Seems so, based on what you wrote.  And then we'd need the CAS to use
release MO and the loads that may read-from that CAS to use acquire MO.

> > Remember the loads on tile that got mentioned in a previous discussion
> > we had?
> 
> 'fraid I don't.  Reference?

I didn't find the email thread after looking for a while.  What I
remember is that tile had operations that are not truly atomic (IIRC,
don't necessarily reload a whole cache line from memory, or some such).
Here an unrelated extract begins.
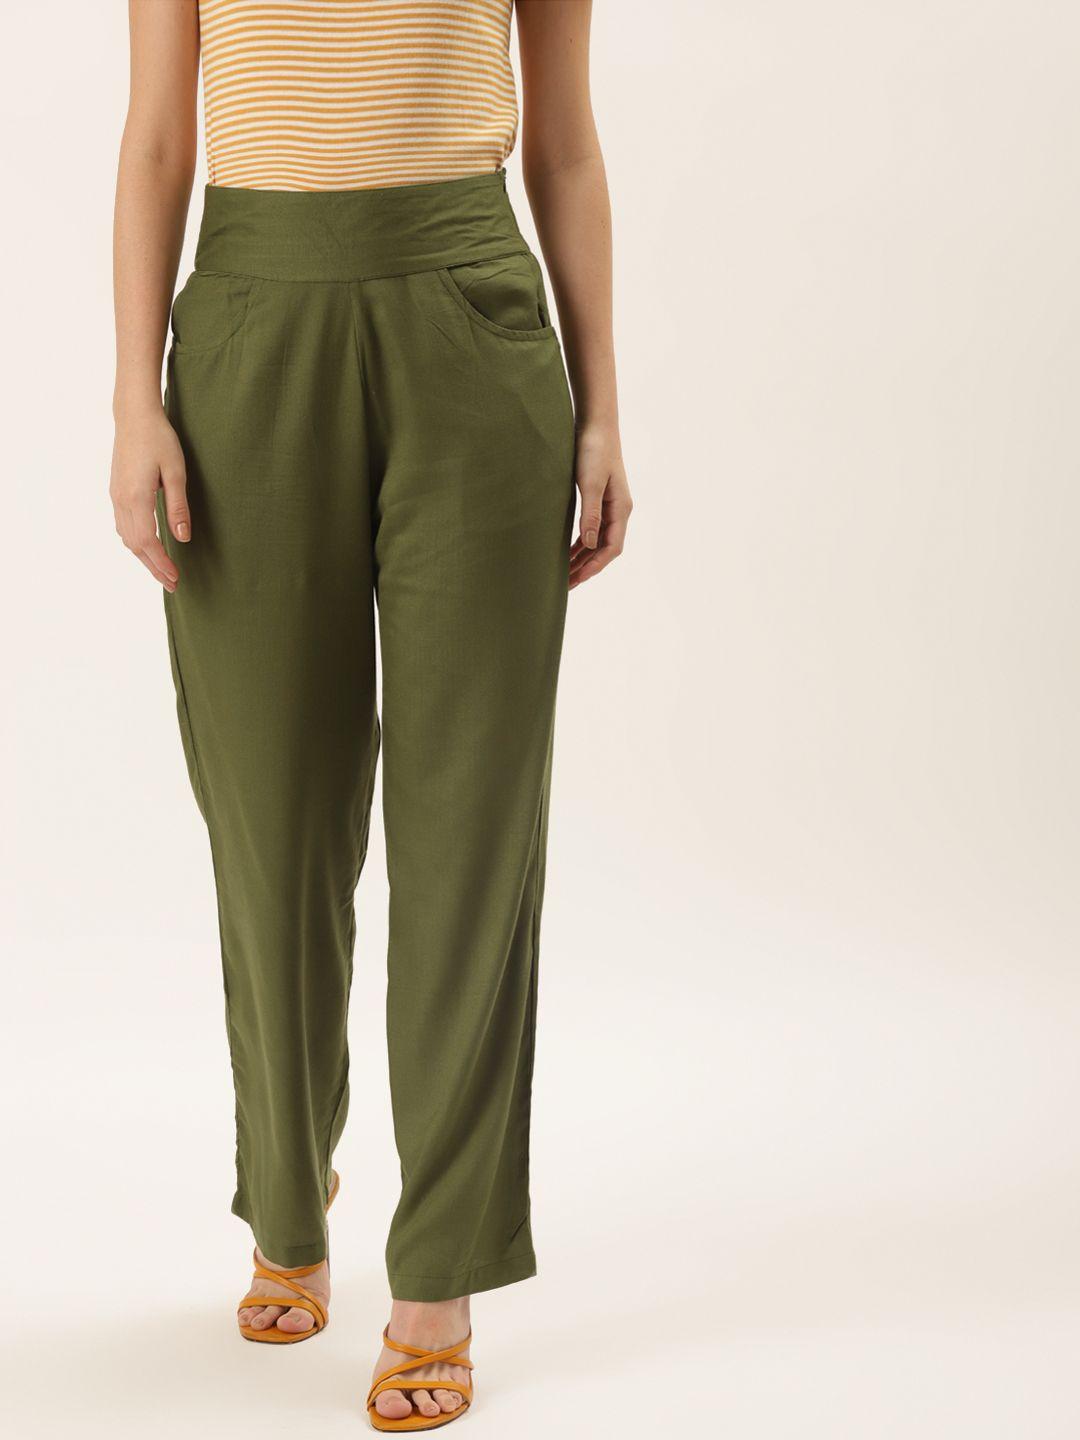 alsace lorraine paris women olive green smart trousers

> >> - reloads would not be a problem for the pattern used in the second
> >> version of the patch
> 
> > Yeah, one could speculate about what a compiler may or may not do in
> > this *specific* piece of code.  But that's not the level of abstraction
> > we want to use as base for our reasoning.
> 
> What is clear to me is that our reasonings and thought frameworks are so
> different that your personal preferences don't apply to my way of
> thinking, and vice versa.  Why is why I'm ok with answering questions
> you may have about synchronization patterns I'm familiar with in GNU
> libc, but not at all ok with writing the documentation.  From our
> discussions so far, I am sure any such documentation I write will be
> regarded as useless for you.

I won't say it's useless if you try to convey knowledge you have to
others.  I may disagree how it's done or expressed, or don't understand
what you're trying to say -- but even then I'd consider it input and a
start of something that just needs further iteration.

> Because you and I think in different
> terms, different primitives, different abstraction layers.  I'd build
> the reasoning from my perspective, and it wouldn't match yours.  And
> vice-versa.

I don't think this is a question of my perspective vs. your perspective.
Eventually, we want to have consensus in the project about how we,
collectively, document and reason about concurrency.  I've been arguing
for what I think is the right layers of abstractions, terminology,
memory model, etc., based on my experience in this field.  If that turns
out to be not what works best for the project, that's fine, but we need
to discuss this.  Everyone may have a favourite way of thinking, but the
project still needs a common "concurrency speak".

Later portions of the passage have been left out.